危険が差し迫っているというのに、男の口から出るのは万人向け故に心を揺らすことのない、ありきたりな言葉ばかりだ。

(上手い言い回しはないのか)

自覚すると焦りがつのる一方で、ますます当たり障りのない言葉ばかりが浮かんでくる。

「わ、私のようなつまらない人間をどうこうする暇があるなら、這い上がるチャンスをつかむために……」
「あんたはつまらない人間なんかじゃないっ、善良な人間だっ」

若者が声を荒げる。
強い口調とは裏腹な褒め言葉に、男は戸惑った。

「あんたはごく普通の家庭に生まれ育って、仕事を真面目にこなして、家族にもちゃんと向き合って、町の慈善事業にも手を貸して……」

確かに男は時折、町で行われる慈善事業に参加している。自分から参加を申し出るほど積極的にではないが、頼まれれば引き受けるという程度だが。
先月もチャリティのバザーにスタッフとして参加したところだ。人手が足りないのだという、ご近所さんからの頼みだった。妻と娘もチャリティにやってきて、売り子の手伝いをしていた。

若者はその場にいたのだろうか。
……先月の話ともなると、記憶には霞がかかったようで細かいところまで思い出せない。
だが、通りすがりの参加者が、じっと微動だにせずこちらを見ているだけの不気味な奴がいる、というようなことを話していたような覚えがある。

「神様はきっと、あんたみたいなのが大好きなんだ。
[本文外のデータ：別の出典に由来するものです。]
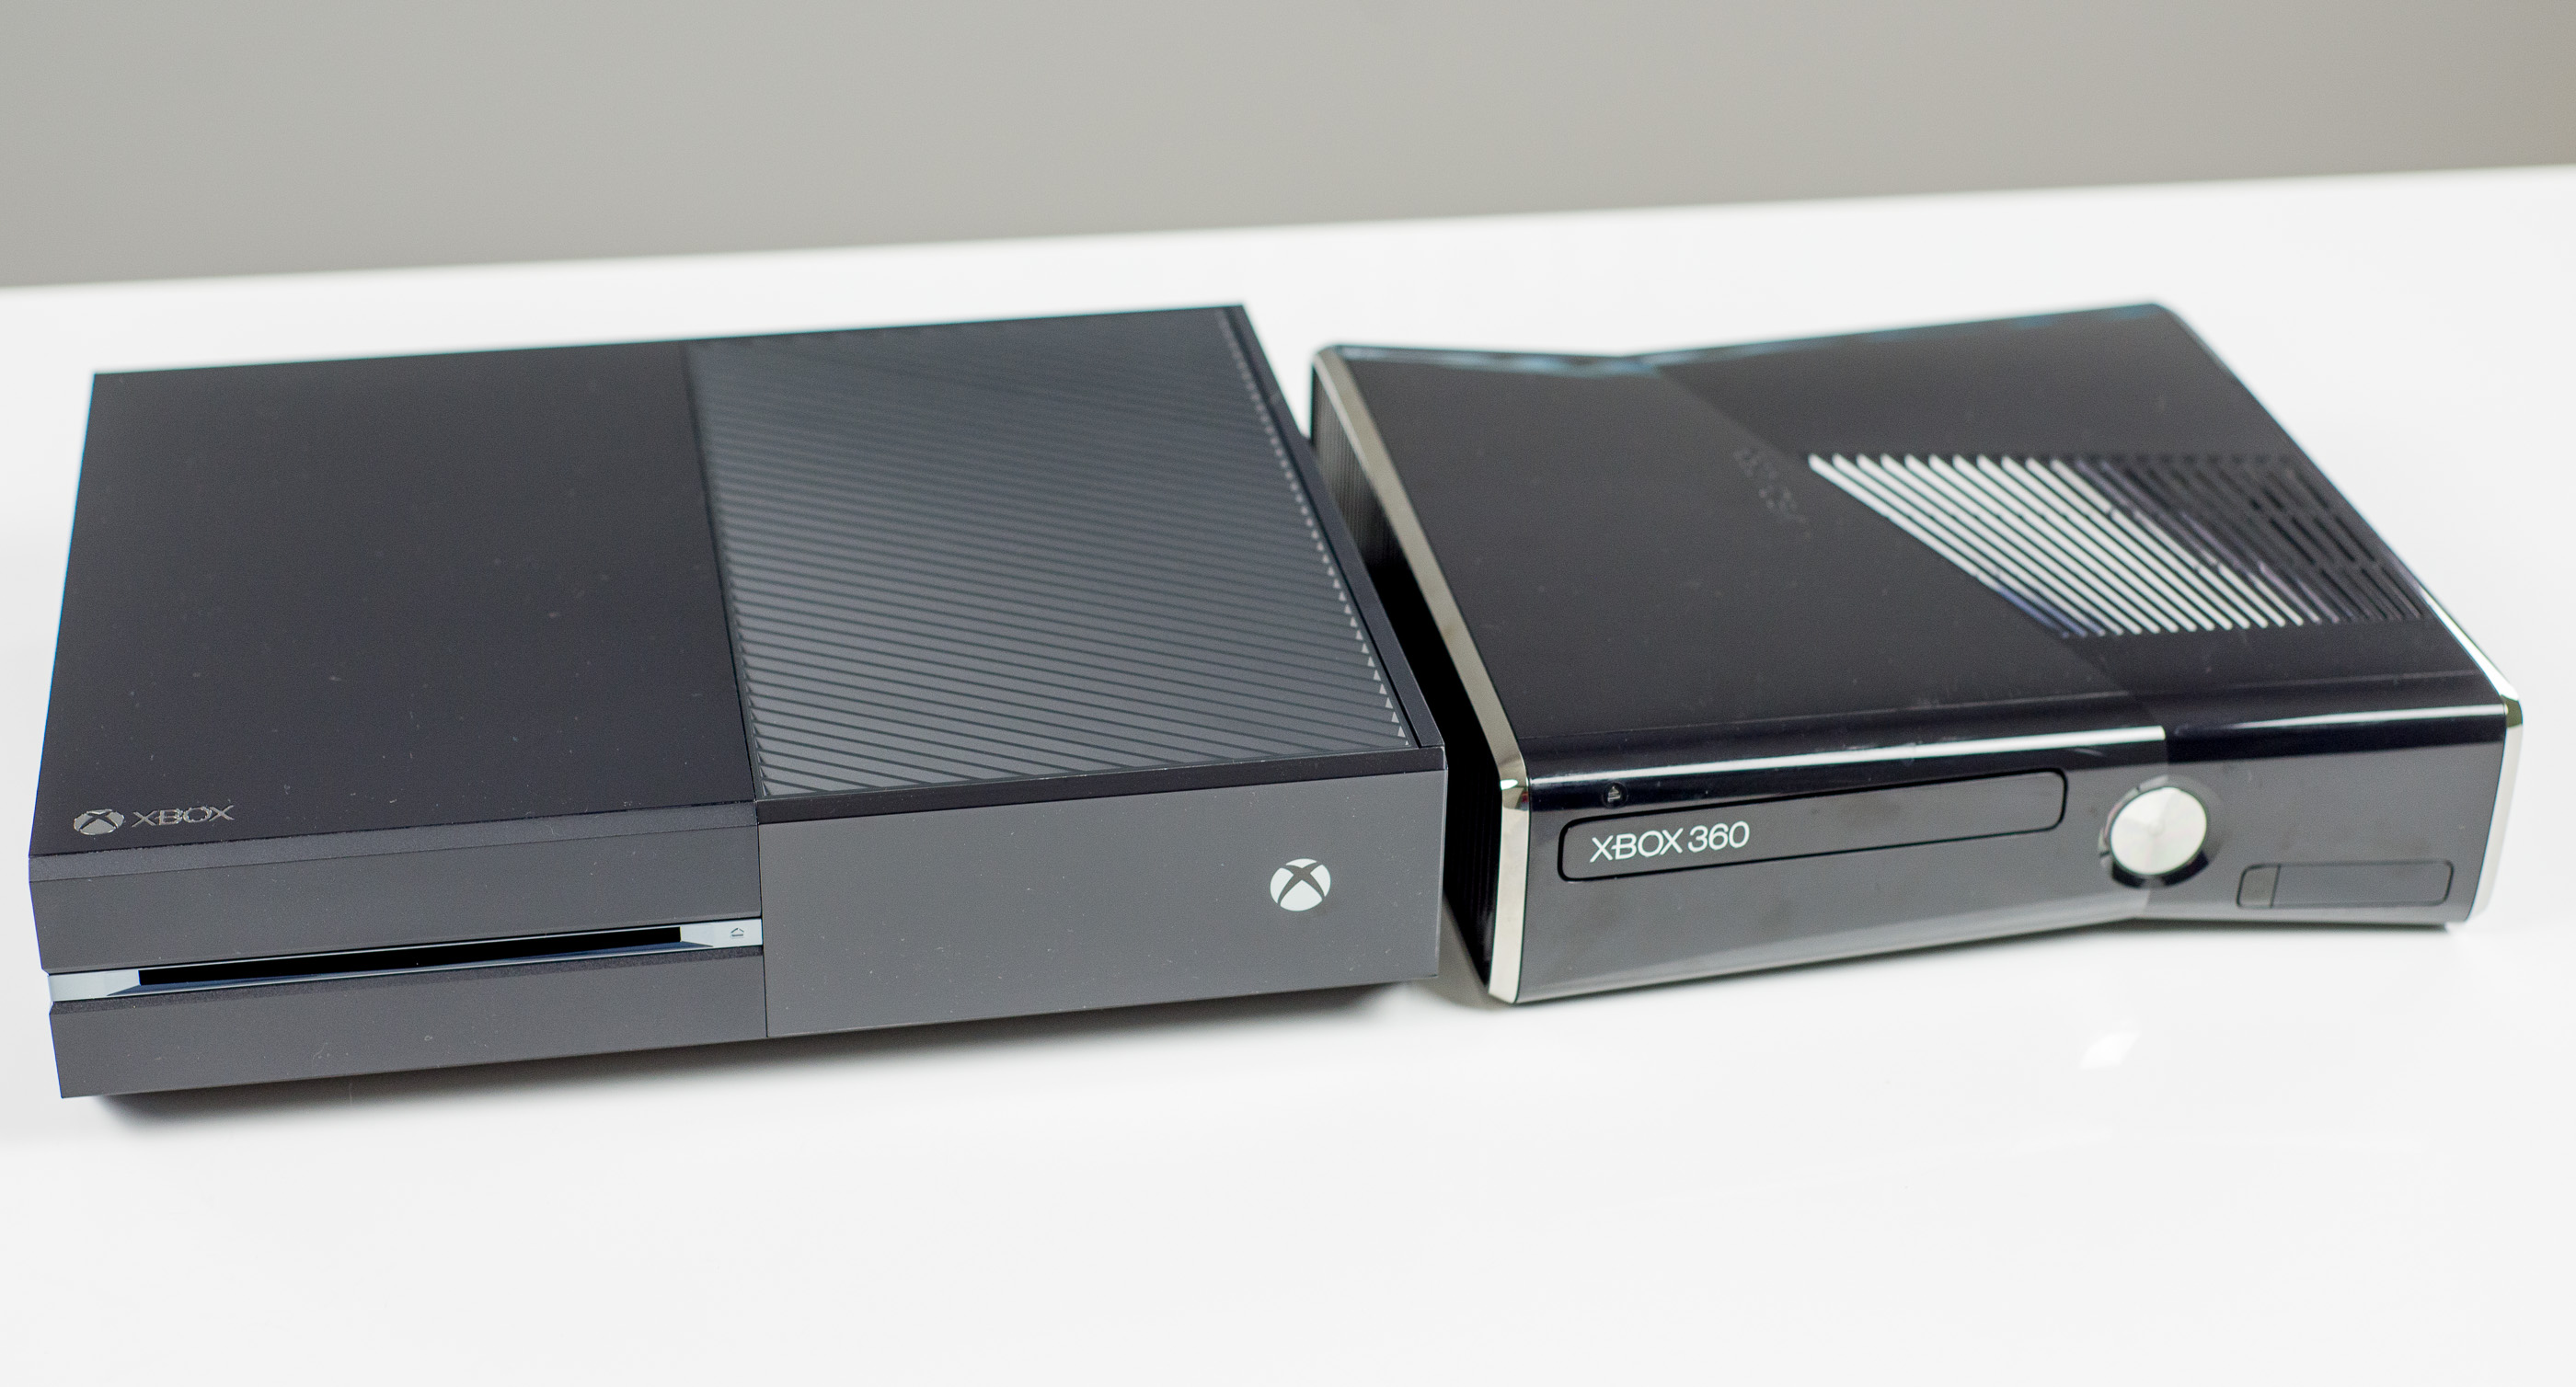 Mens logboek Betekenis The Xbox One - Mini Review & Comparison to Xbox 360/PS4

愛して愛してやまないんだろうさ」

そこまで一気に言い終えると、若者はフーッと大きく息をした。

「奇跡ってのは、ふさわしい人間にだけ神様が起こすんだとさ。きっと、あんたには奇跡が起きるさ。例えば――普段、人っ子一人来やしない廃工場に、ずたずたにされて声も出せないほど衰弱して放置されていても、偶然誰かに見つけてもらえて幸いに一命を取り留めたり、な」

若者の声はもう、静かなものに戻っていた。
だがそれが余計にパイプ椅子の男の恐怖心を煽った。
若者はいよいよ、こちらに危害を加える気だ。

(こいつ、狂っている、イカレている!)

恨みがあってのことなら、身代金目的なら、あるいは誰でもいいからという八つ当たり的な犯行の方がまだましだった。理解の範疇にいるのだから。
だがこれは。この凶行に至る彼の心情は、常人の心理では追いつけない。
心理で追いつけぬものを、人は真に恐ろしがる。若者は今や、男の目には完全な怪物として映っていた。言葉が通じても心の通じない怪物だ。
その狂った選定基準によって、自分は神の愛を試す生け贄に捧げられようとしている。

(冗談じゃない!)

妻と娘の顔が浮かぶ。
帰りたい。彼女達のいる場所へ、安らげる住み慣れた我が家へ帰りたい。

「やめろっ、私を離せえぇ! 神様が愛してるだの愛してないだの、そんな話、私にはどうだっていいんだ!」

鎖がほどけないのなら、パイプ椅子ごと動いてしまえばいい。
男は足で床を蹴って椅子を揺らしにかかった。
だが、パイプ椅子はびくともしなかった。
見れば椅子の足は金属の板のようなもので、床にがっちりと固定されていた。
男は絶望した。

「あんたは俺みたいな、生まれた時から堕ちてくばかりのクズとは違う。神様はきっと――あんたを救うために奇跡を起こしてくれるだろうさ。俺を少しでも哀れだと思うなら、あんたの命で俺に奇跡の瞬間ってものを見せてくれよ」

見ればいつの間にか、若者の手にはぎらりと光るナイフが握られていた。
パイプ椅子に拘束された男は、その切っ先の動きを目で追いながら、その一刺しで終わらないだろうと予感していた。